Given data section start

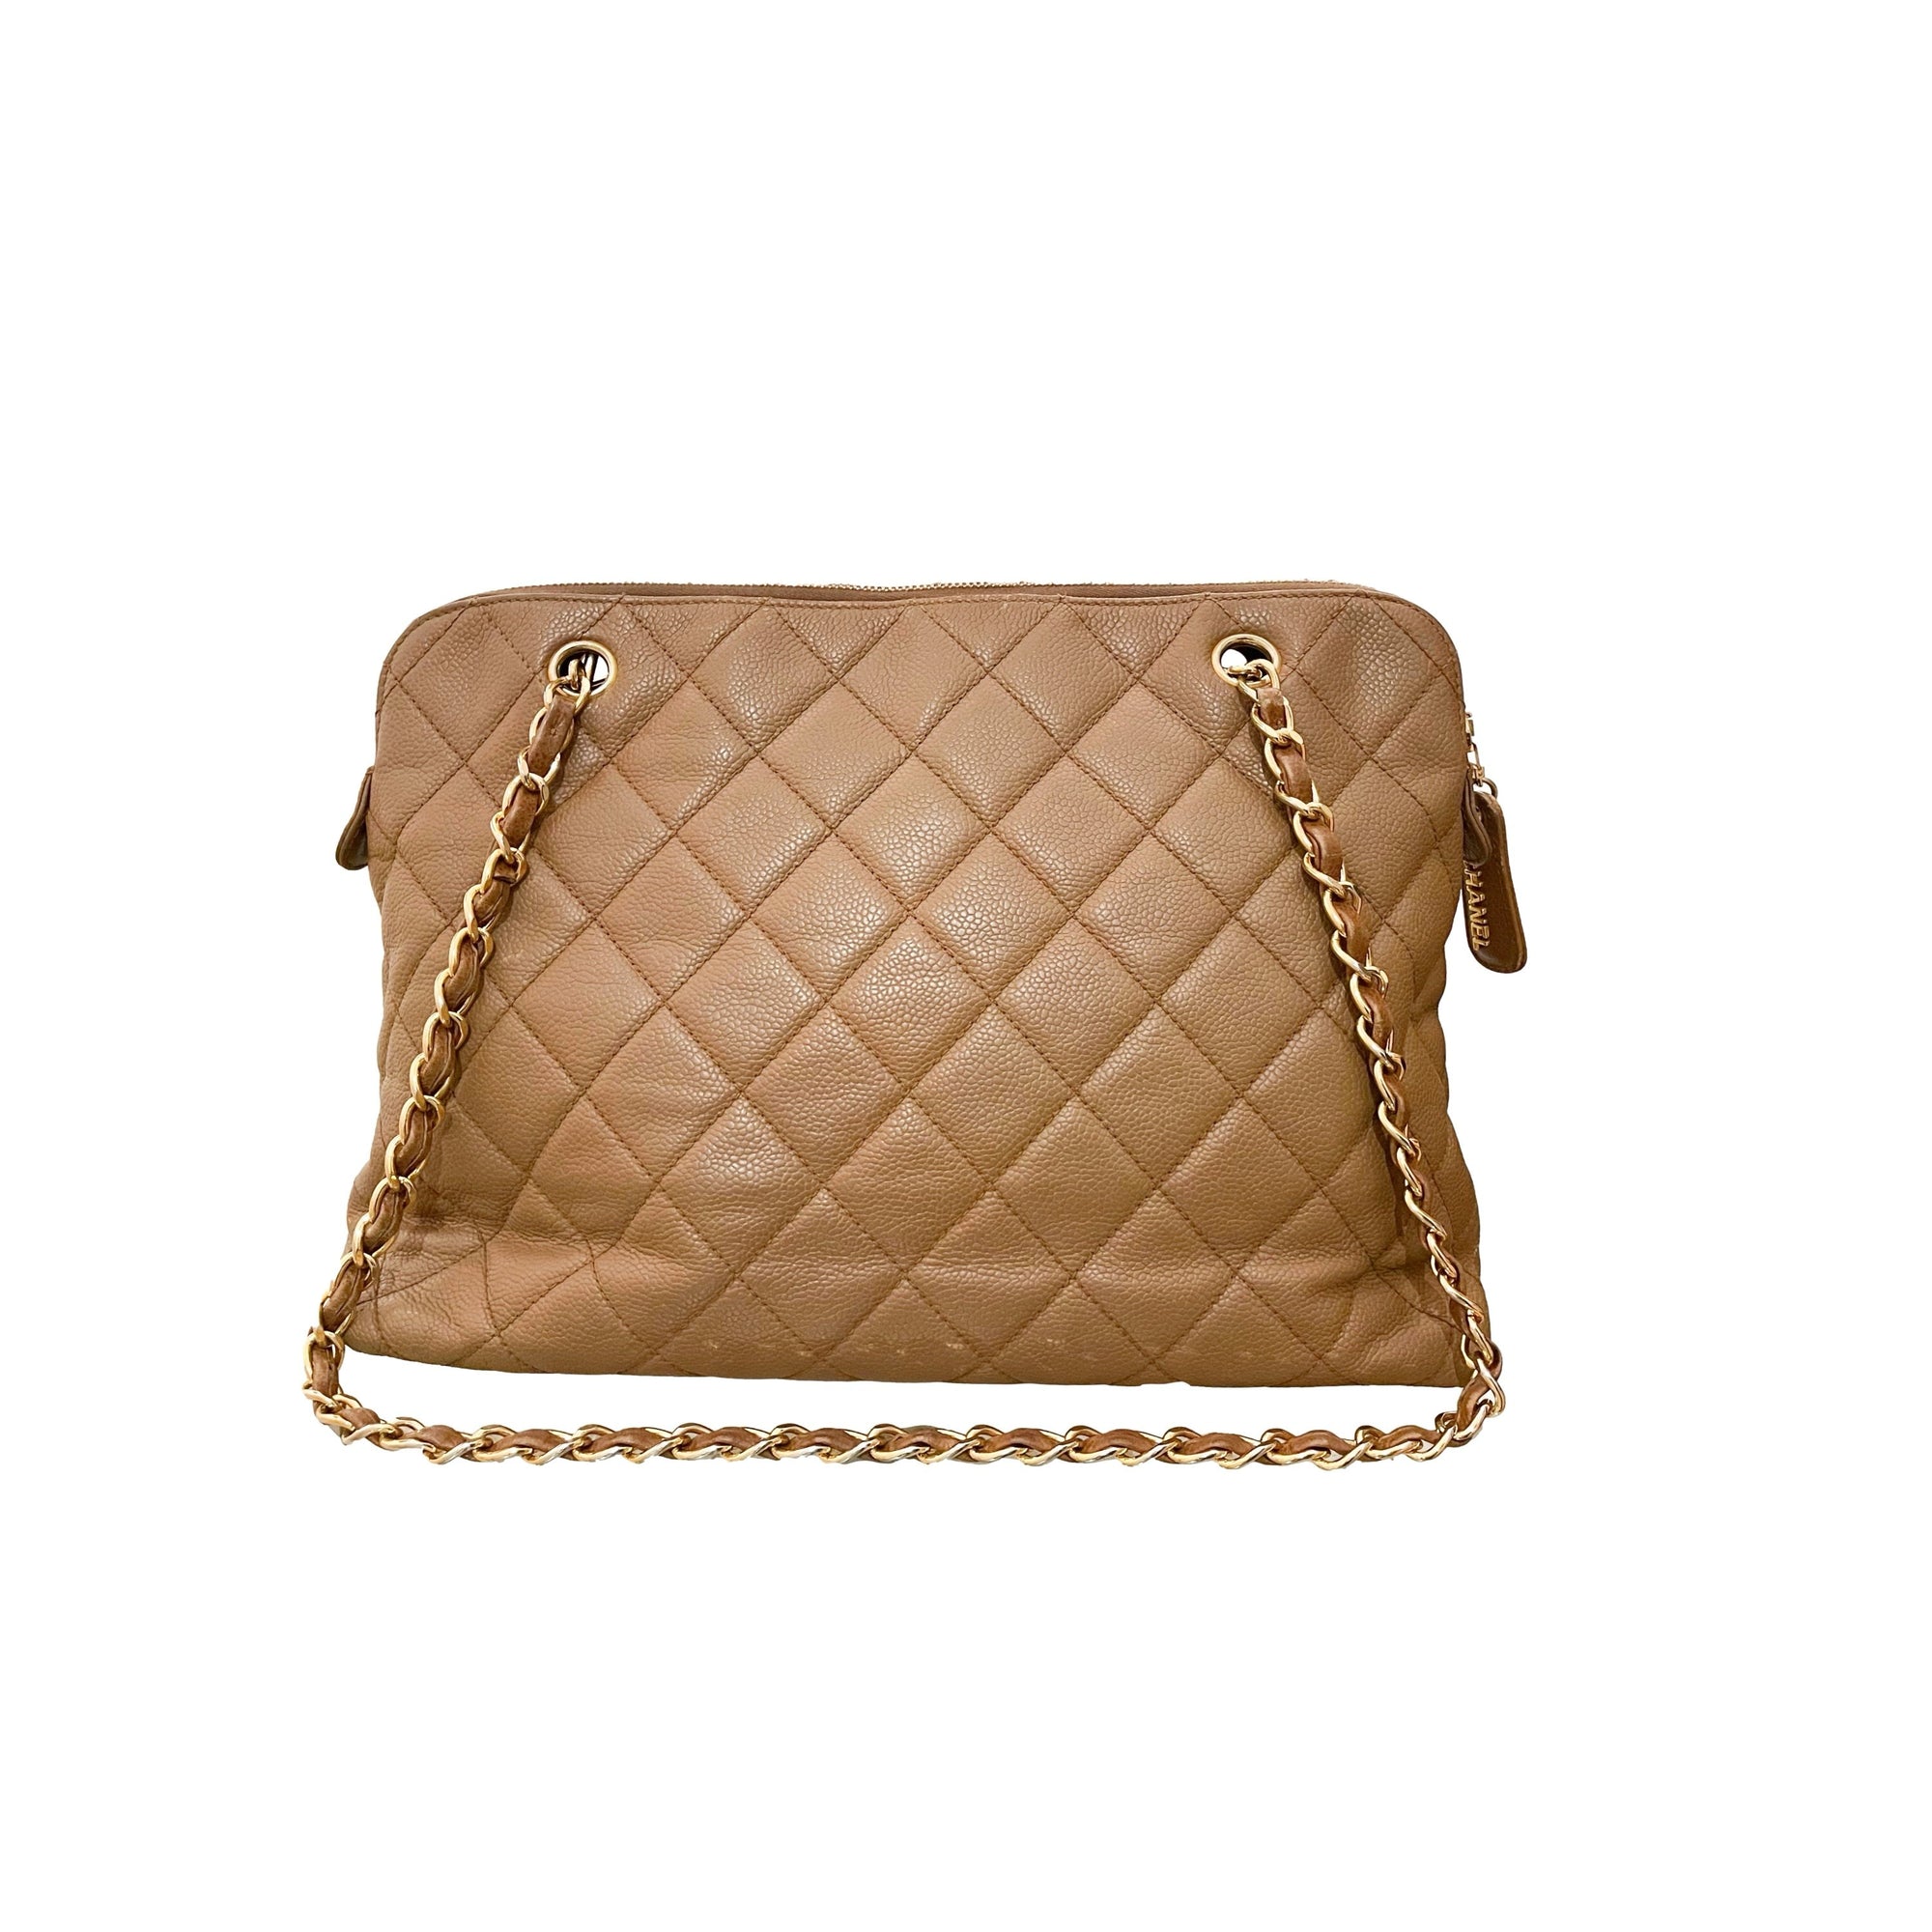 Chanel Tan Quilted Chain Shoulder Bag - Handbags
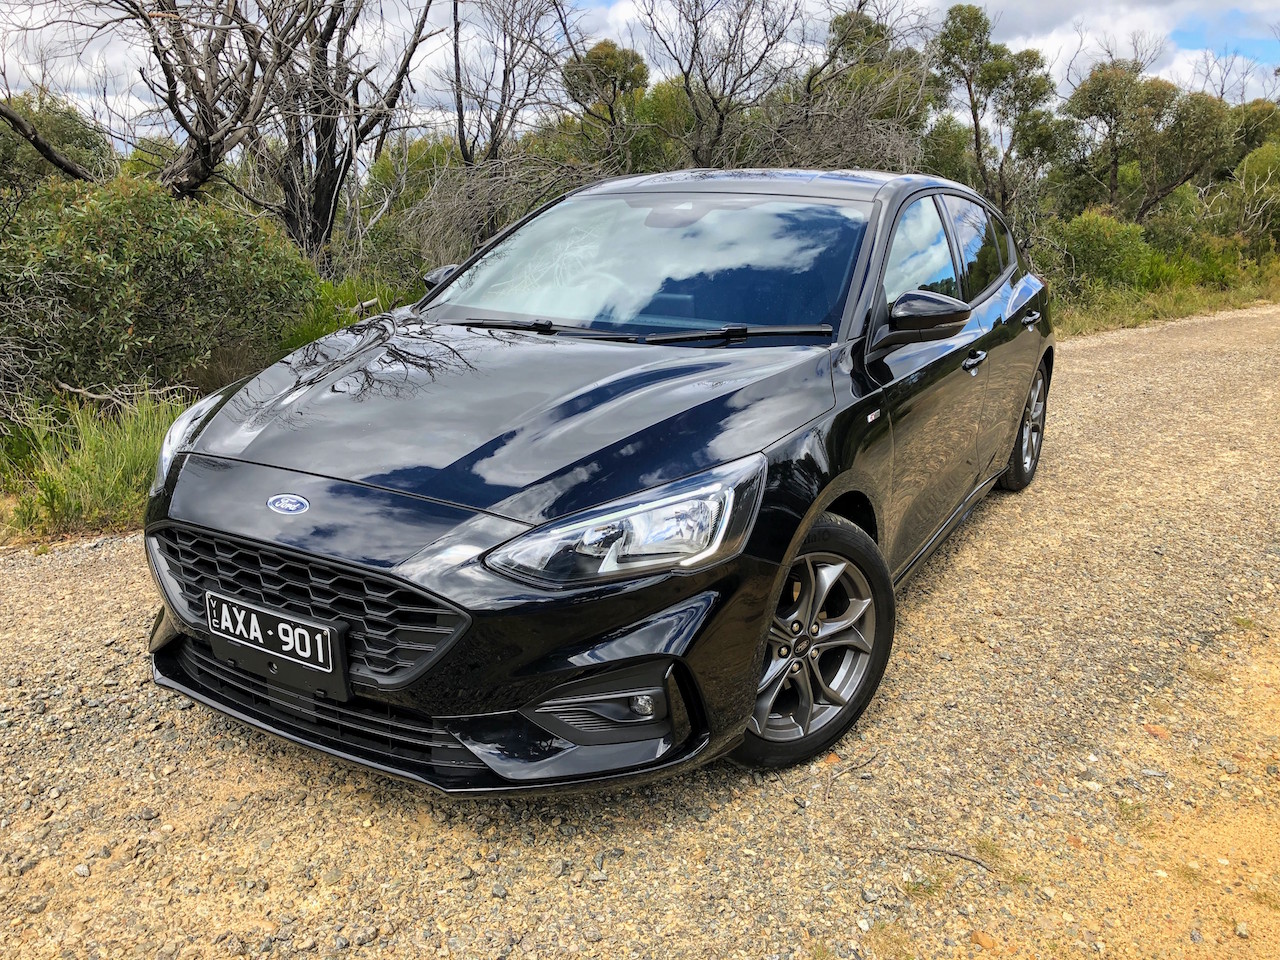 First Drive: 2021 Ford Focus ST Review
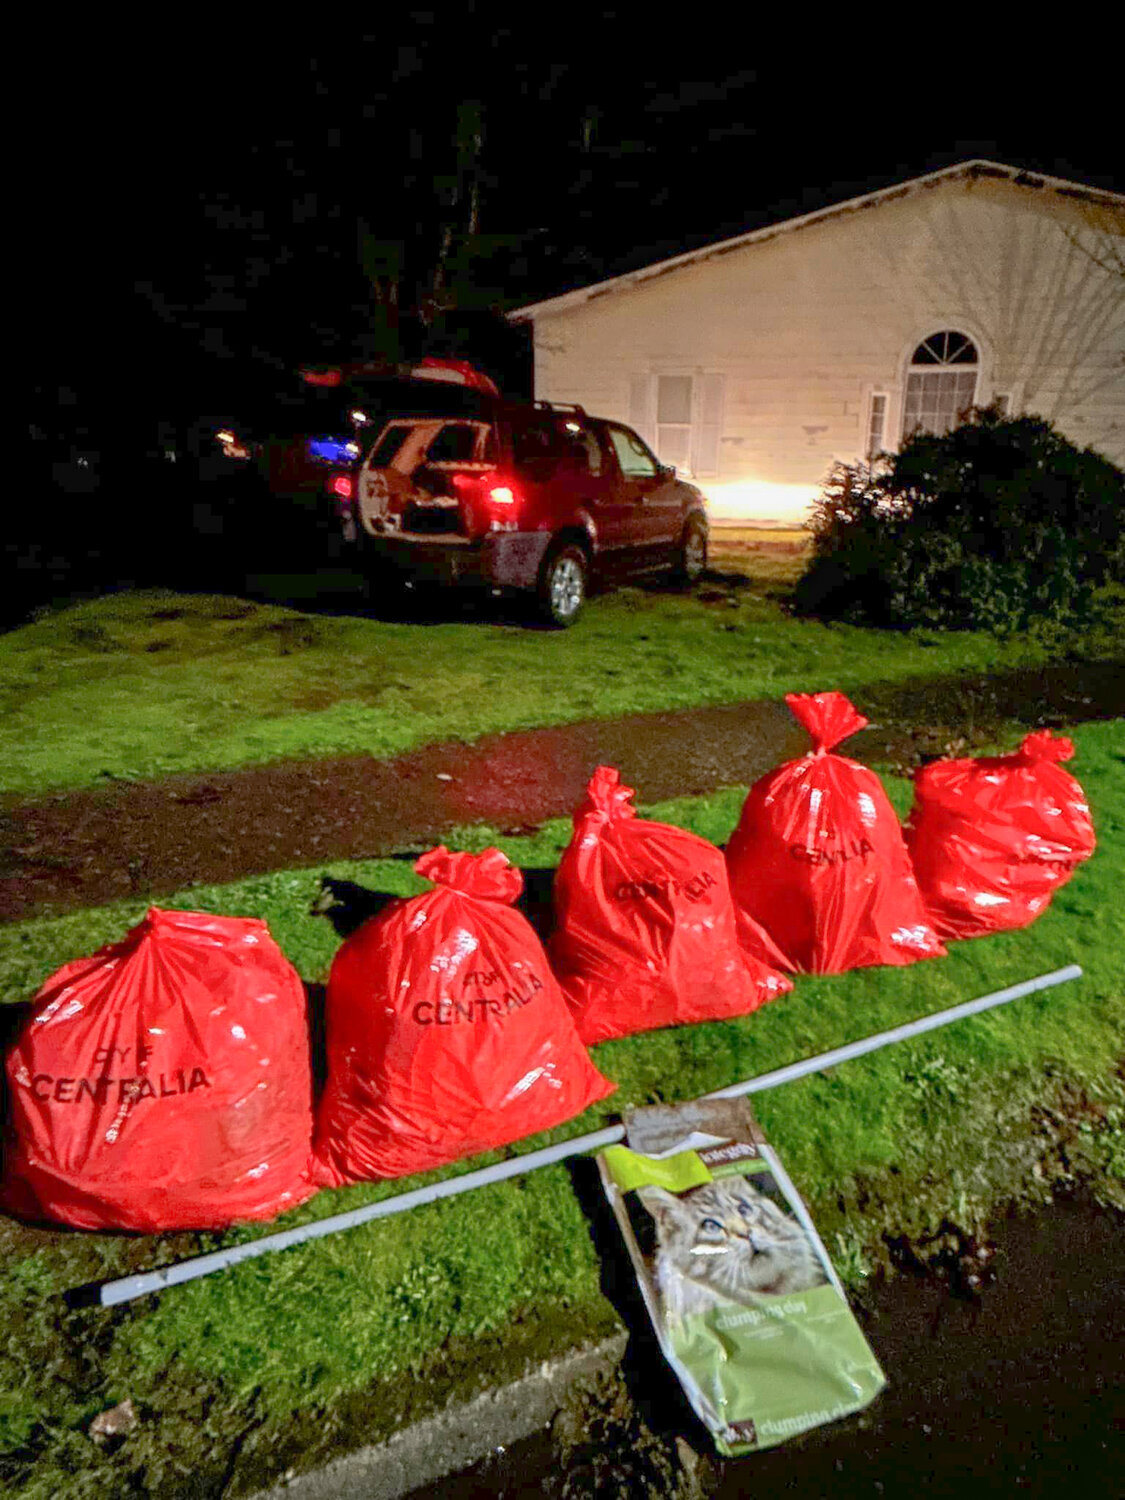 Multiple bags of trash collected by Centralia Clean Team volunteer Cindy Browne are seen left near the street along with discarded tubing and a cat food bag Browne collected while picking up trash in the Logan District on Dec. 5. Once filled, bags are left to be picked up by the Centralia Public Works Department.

Given data section end

Reproduce exactly, and only, the lines from the opening line of the listing above through the line holding "First Drive: 2021 Ford Focus ST Review", minus the pictures.

 Chanel Tan Quilted Chain Shoulder Bag - Handbags
 First Drive: 2021 Ford Focus ST Review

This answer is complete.